The Washington State Patrol Crime Lab confirmed the DNA detectives acquired from Beiker was a match to the DNA from the 2003 crime scene. “The match was so solid that a June 15 … motion to the court notes the chances of it not being Bieker were ‘one in 35 quadrillion,’” according to the Attorney General’s Office.

Grays Harbor County detectives arrested Bieker in McCleary on June 15, 2021, and charged him for the 2003 crime, according to KIRO 7 News.

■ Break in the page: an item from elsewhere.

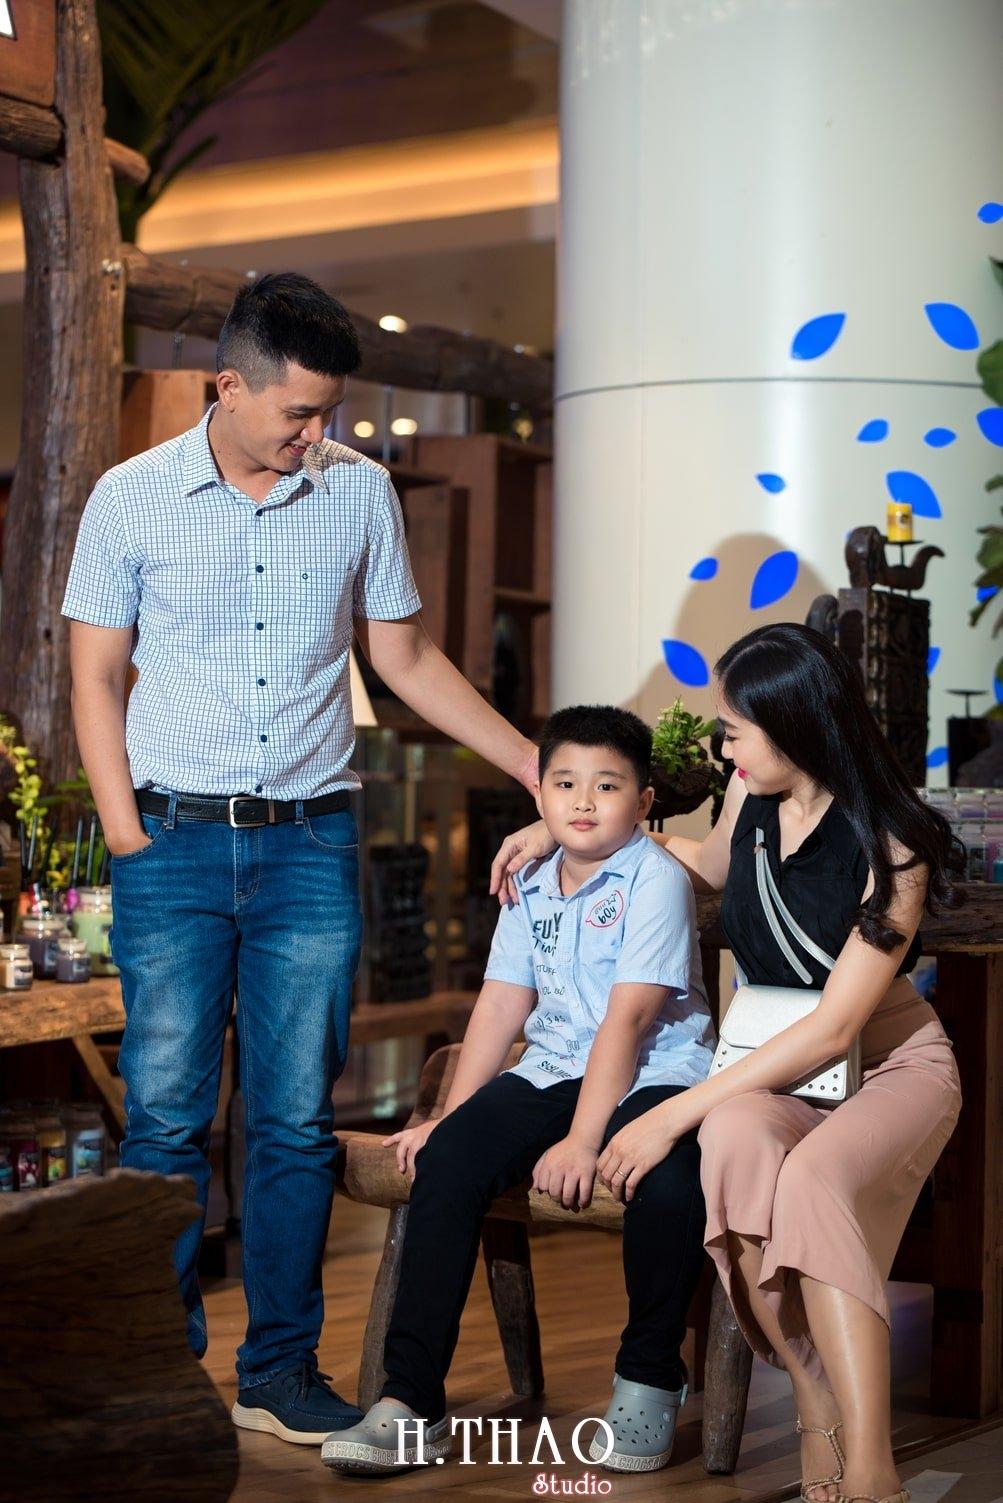 Anh Gia dinh 3 nguoi 24 - Bộ ảnh gia đình 3 người chụp ngoại cảnh đẹp tự nhiên - HThao Studio
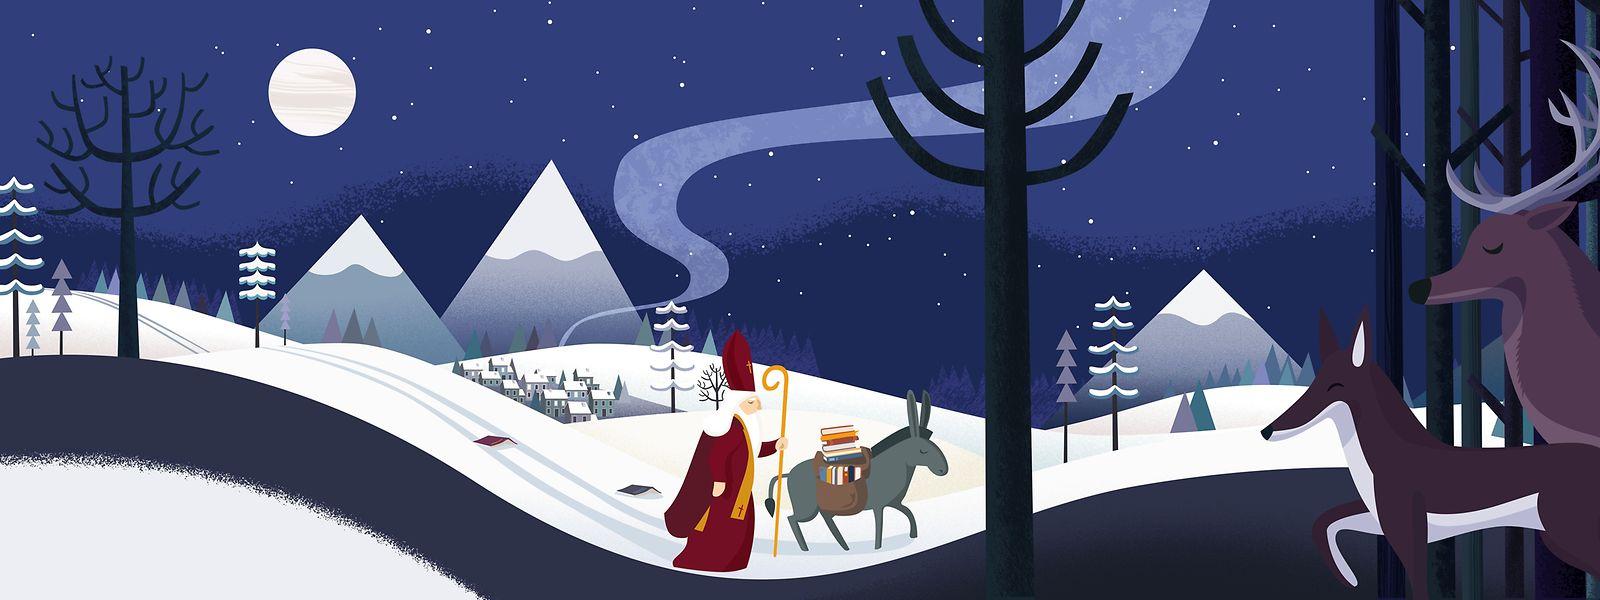 Noch zweimal schlafen, dann hat der heilige Mann seinen großen Auftritt. Der Nikolaus zieht durchs Land und die Kinder jauchzen.

The case was one of three cold cases the Attorney General’s Office’s DNA forensic genetic genealogy program has helped solve, including a 1995 murder in Kitsap County and a case involving violent home invasions and sexual assaults in Pullman in 2003 and 2004, according to the Attorney General’s Office.

The forensic genetic genealogy program has assisted with 23 cold case investigations to date, according to the Attorney General’s Office.

The program is part of the Attorney General’s Office’s Sexual Assault Kit Initiative, which was first implemented in late 2017 with the goal of clearing the state’s rape kit backlog and improving the state’s response to sexual assault.